A regional climate model with rising surface elevations shows that near present-day patterns of mean orographic rainfall only become triggered once the topography grows to >75% modern elevations. A geo-thermochronology dataset that quantifies the spatiotemporal patterns of deformation and erosional exhumation suggests this establishment of near-modern orography occurred ~15-11 Ma. In the semiarid south, channels possess low concavities, and exhibit non-systematic downstream changes in steepness at multiple scales. The steepness patterns mostly correlate with the tectonic architecture of the deforming thrust belt. In the wet north, channels possess high concavities and mostly decrease in steepness systematically downstream.

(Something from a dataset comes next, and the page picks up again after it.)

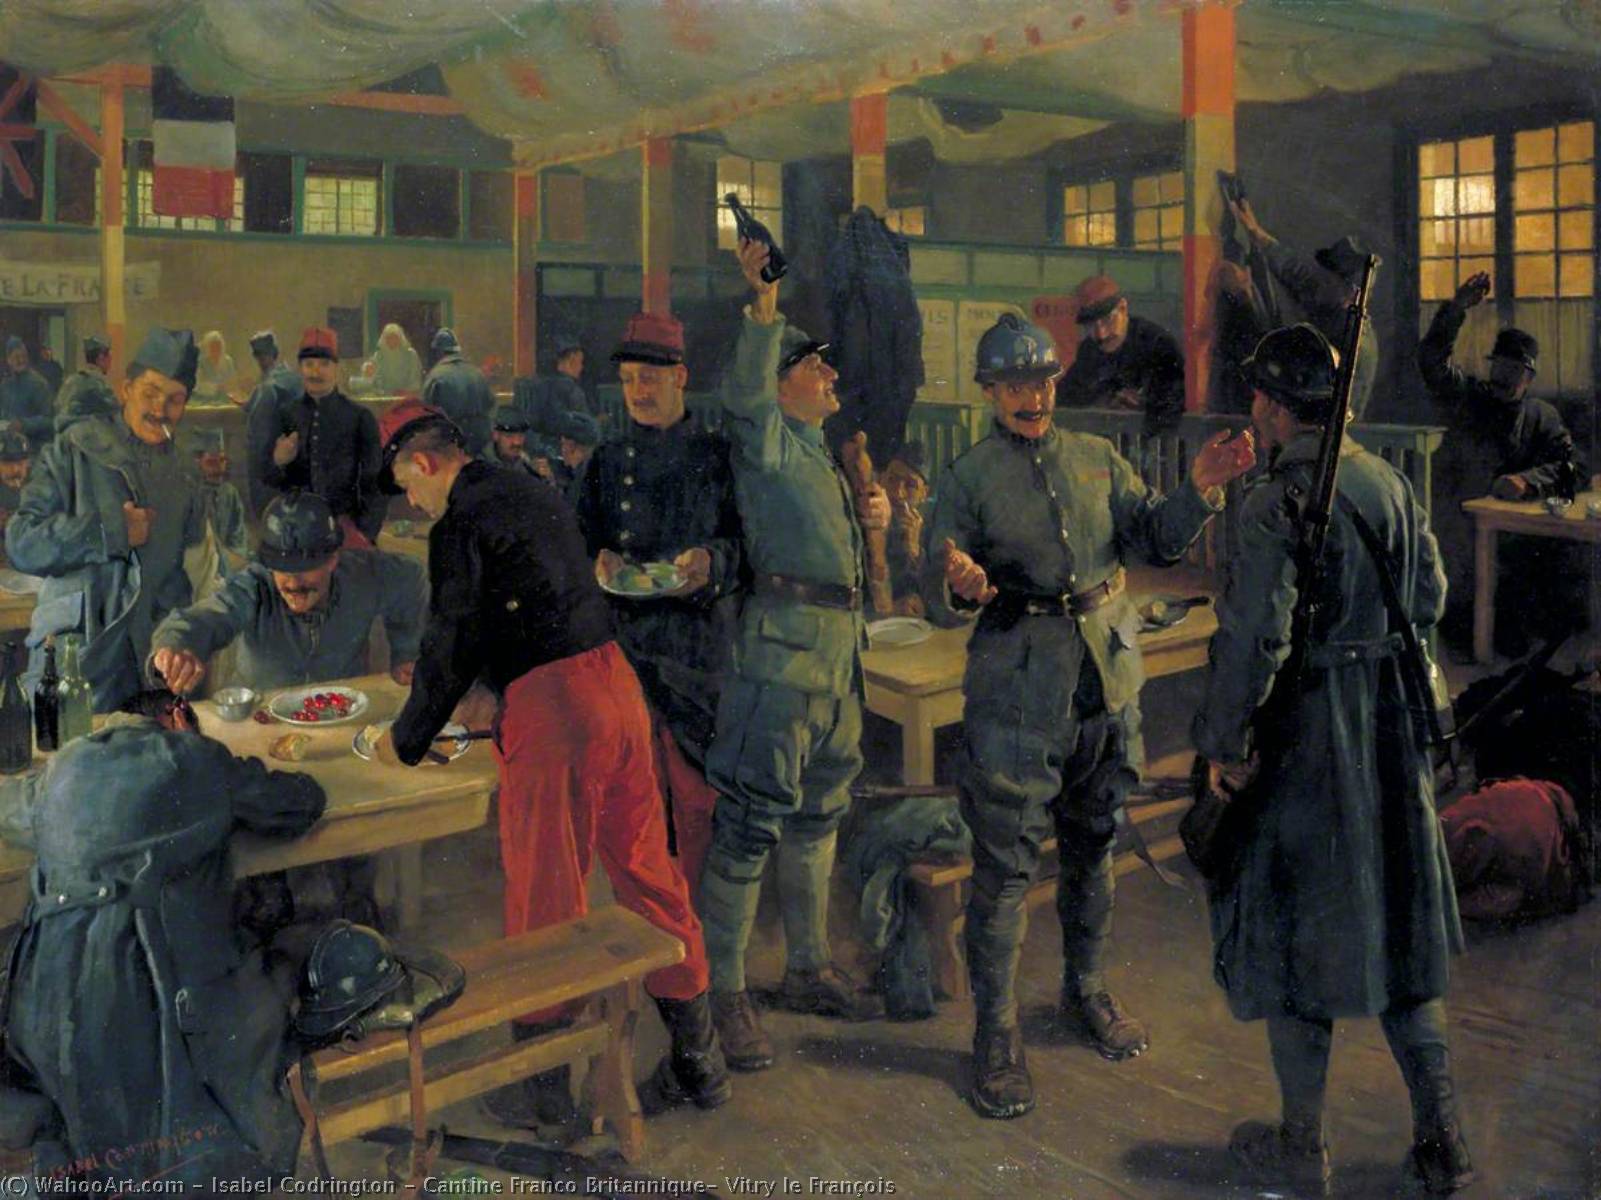 Order Paintings Reproductions Cantine Franco Britannique, Vitry le François, 1919 by Isabel Codrington (1874-1943) | ArtsDot.com

These observations suggest several generalizations about the coevolution of topography, climate, and mountain river systems. (1) Small, threshold changes in surface elevation can cause large changes in orographic precipitation gradients. (2) Low magnitudes (<2 m/yr) and gradients (<Δ~1.5 m/yr) in rainfall means that thrust belt tectonics will continue to exhibit a dominant influence on channel steepness patterns even after ~10 million years. (3) Over ~10 million years of large magnitudes (>2 m/yr) and gradients (>Δ3-4 m/yr) in mean rainfall causes fluvial systems to exhibit only muted, non-systematic changes in steepness influenced by thrust belt tectonics. These insights provide quantitative hypotheses for the values and timescales of orographic growth that are required to impart a dominantly climatic vs. tectonic influence on fluvial systems in active orogens that can be tested with landscape evolution models.